§ **WHAT IS BEING ASKED**
Reproduce the whole listing exactly and let no picture into the copy.

§ **INFORMATION PROVIDED**
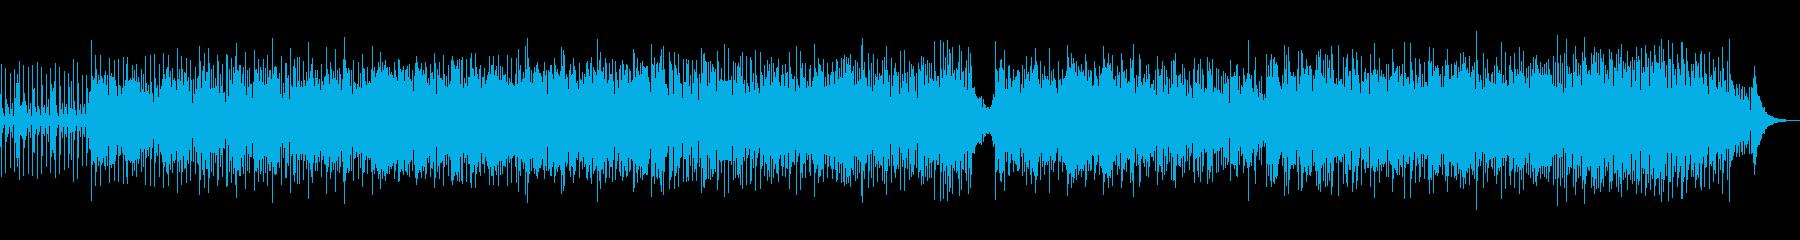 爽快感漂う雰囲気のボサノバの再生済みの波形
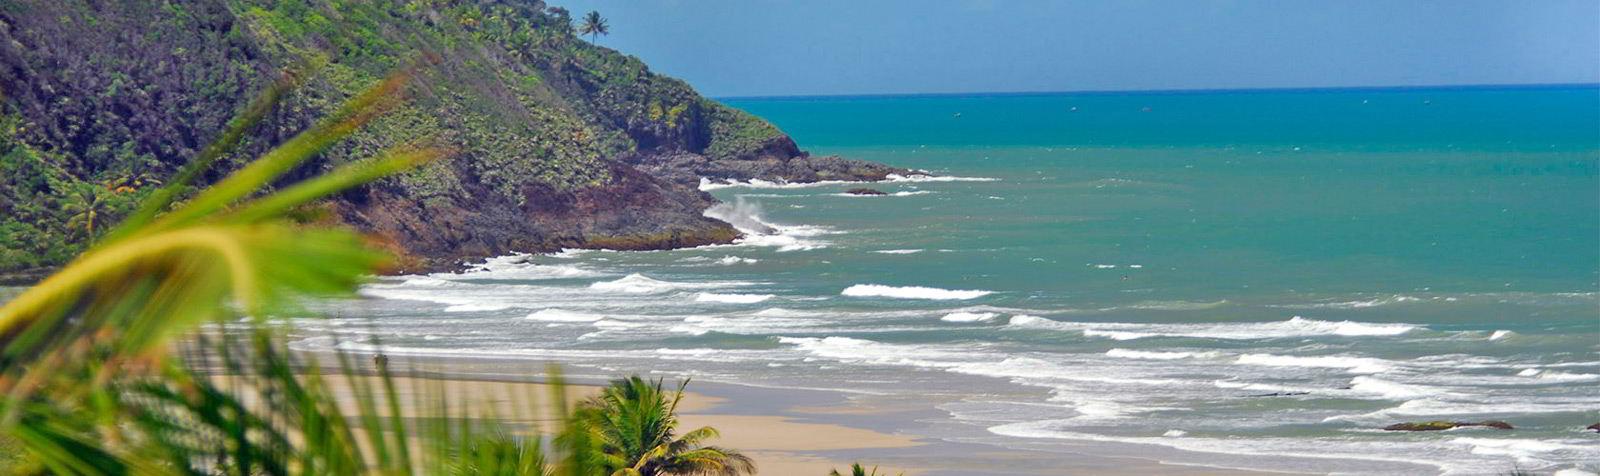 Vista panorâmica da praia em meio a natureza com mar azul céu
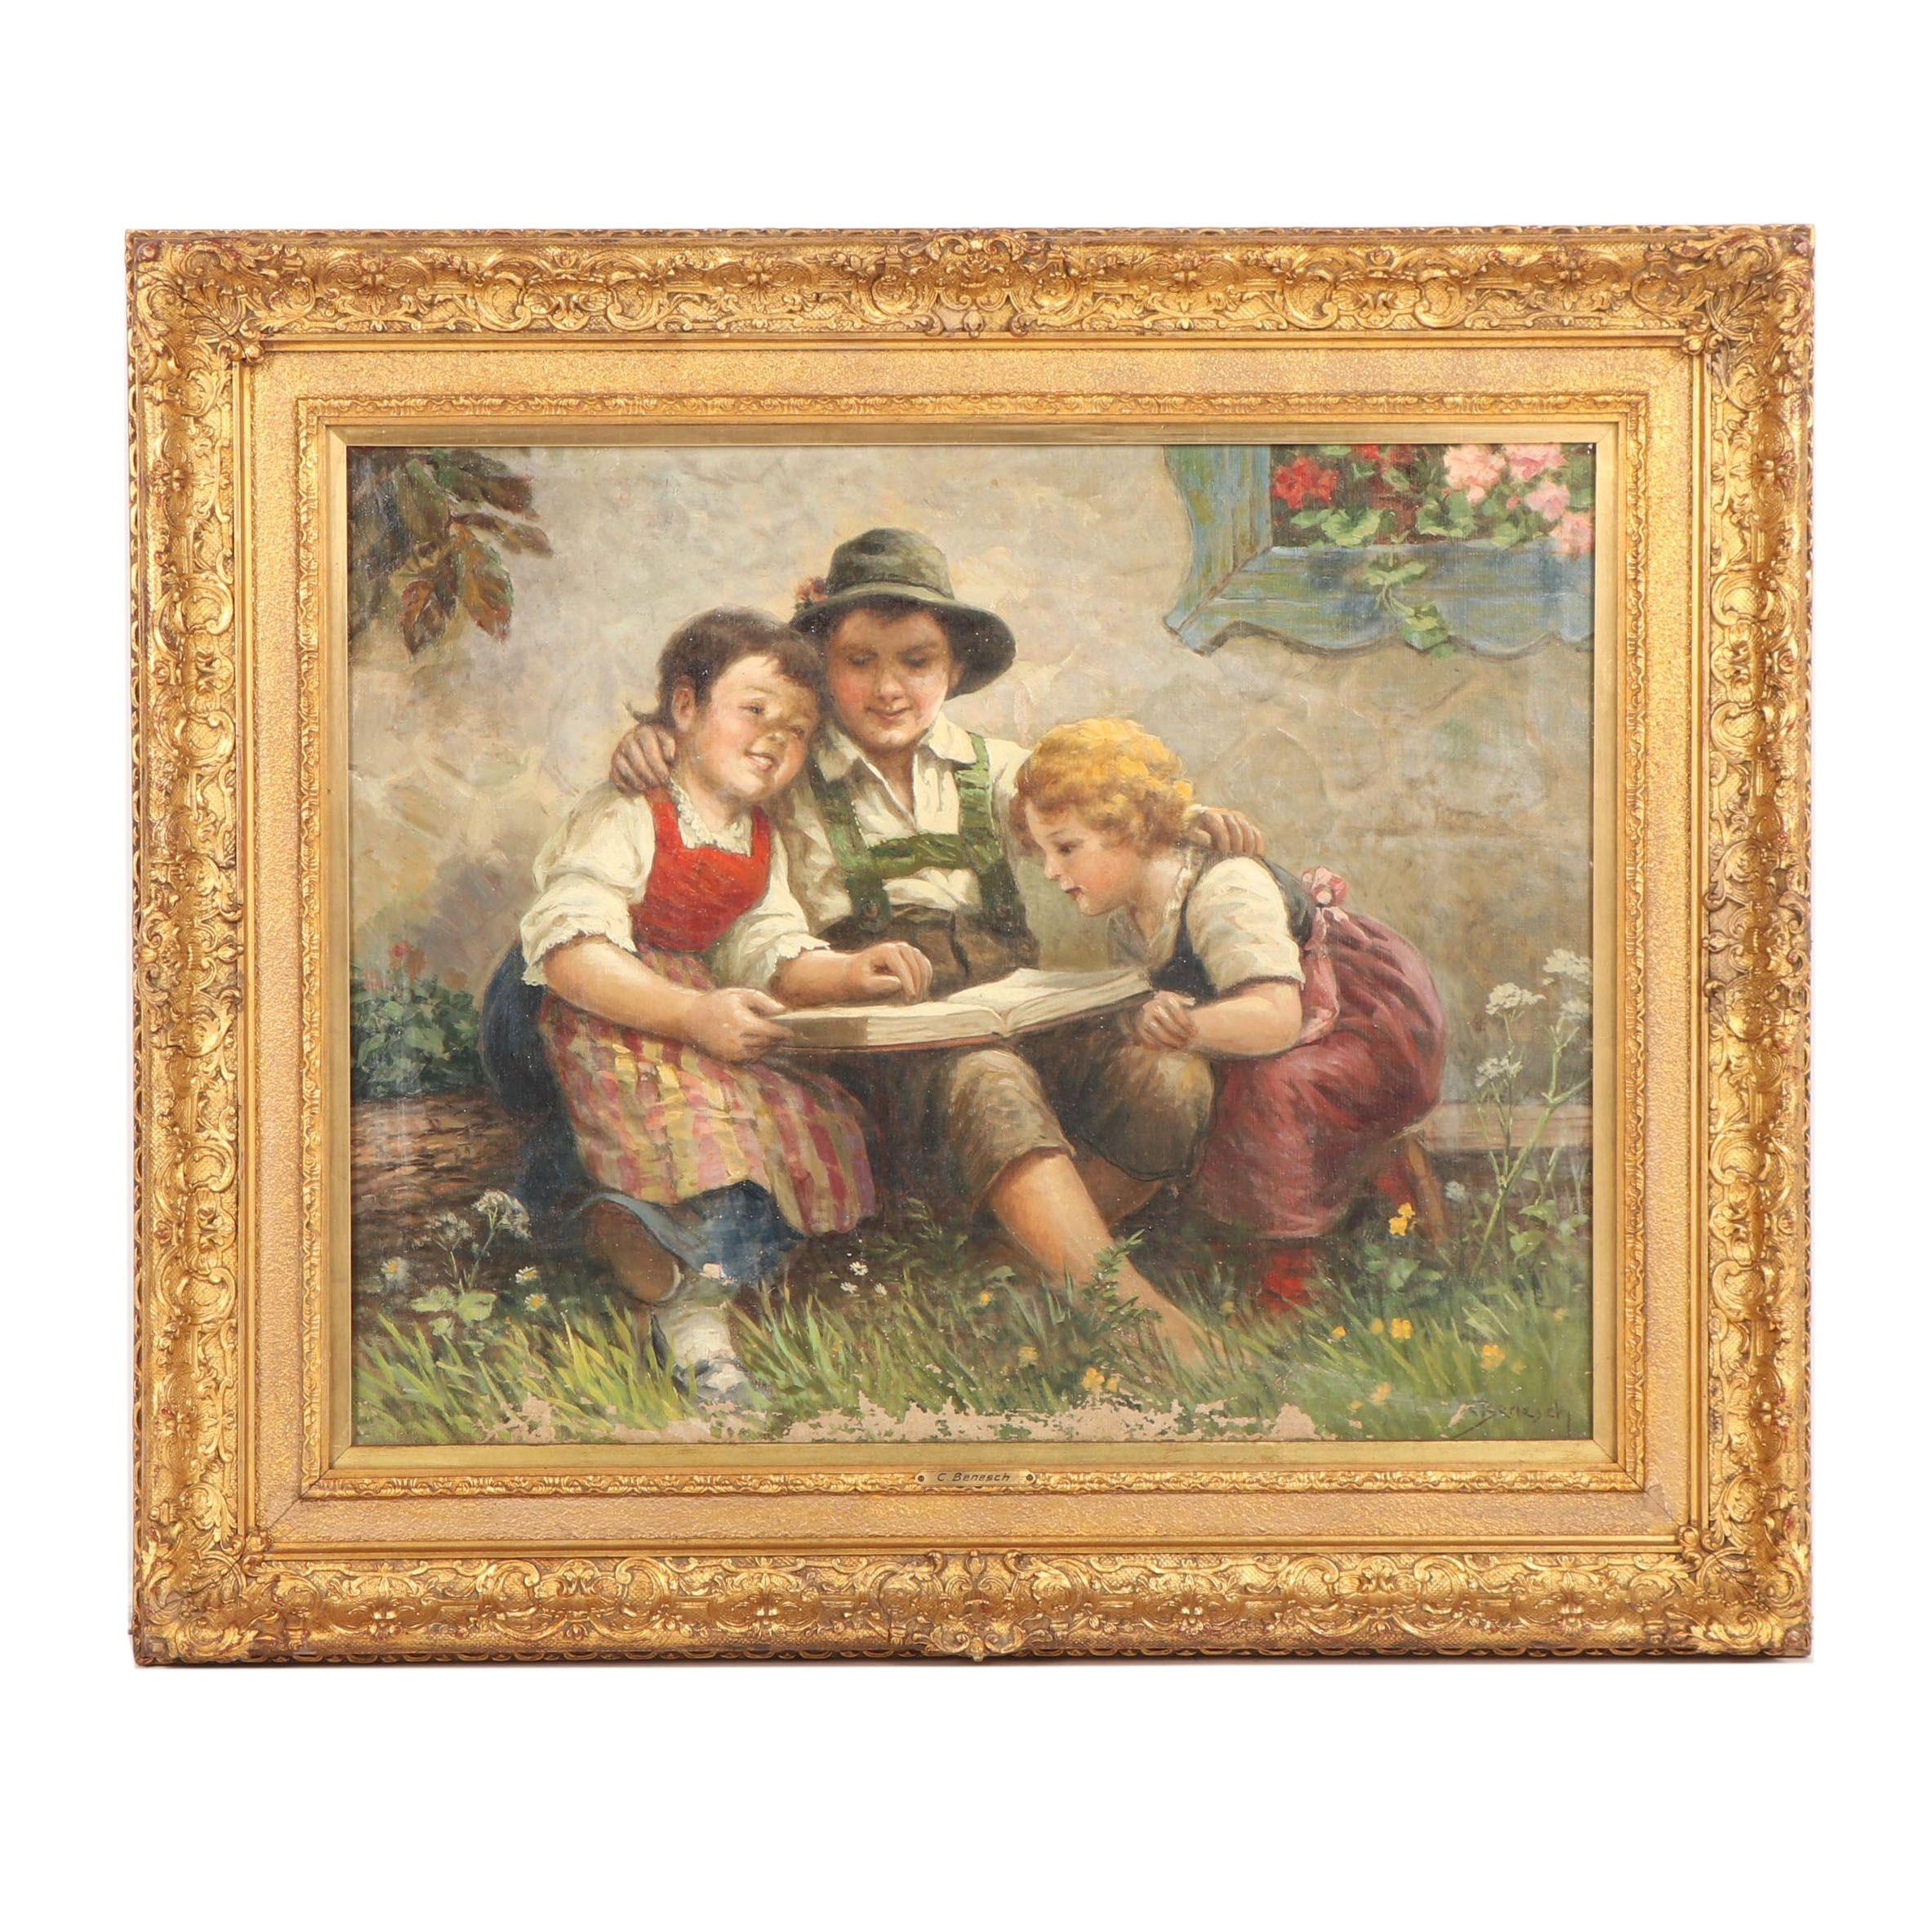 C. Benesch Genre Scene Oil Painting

§ **OUTPUT OF THE EXERCISE**
 爽快感漂う雰囲気のボサノバの再生済みの波形
 Vista panorâmica da praia em meio a natureza com mar azul céu
 C. Benesch Genre Scene Oil Painting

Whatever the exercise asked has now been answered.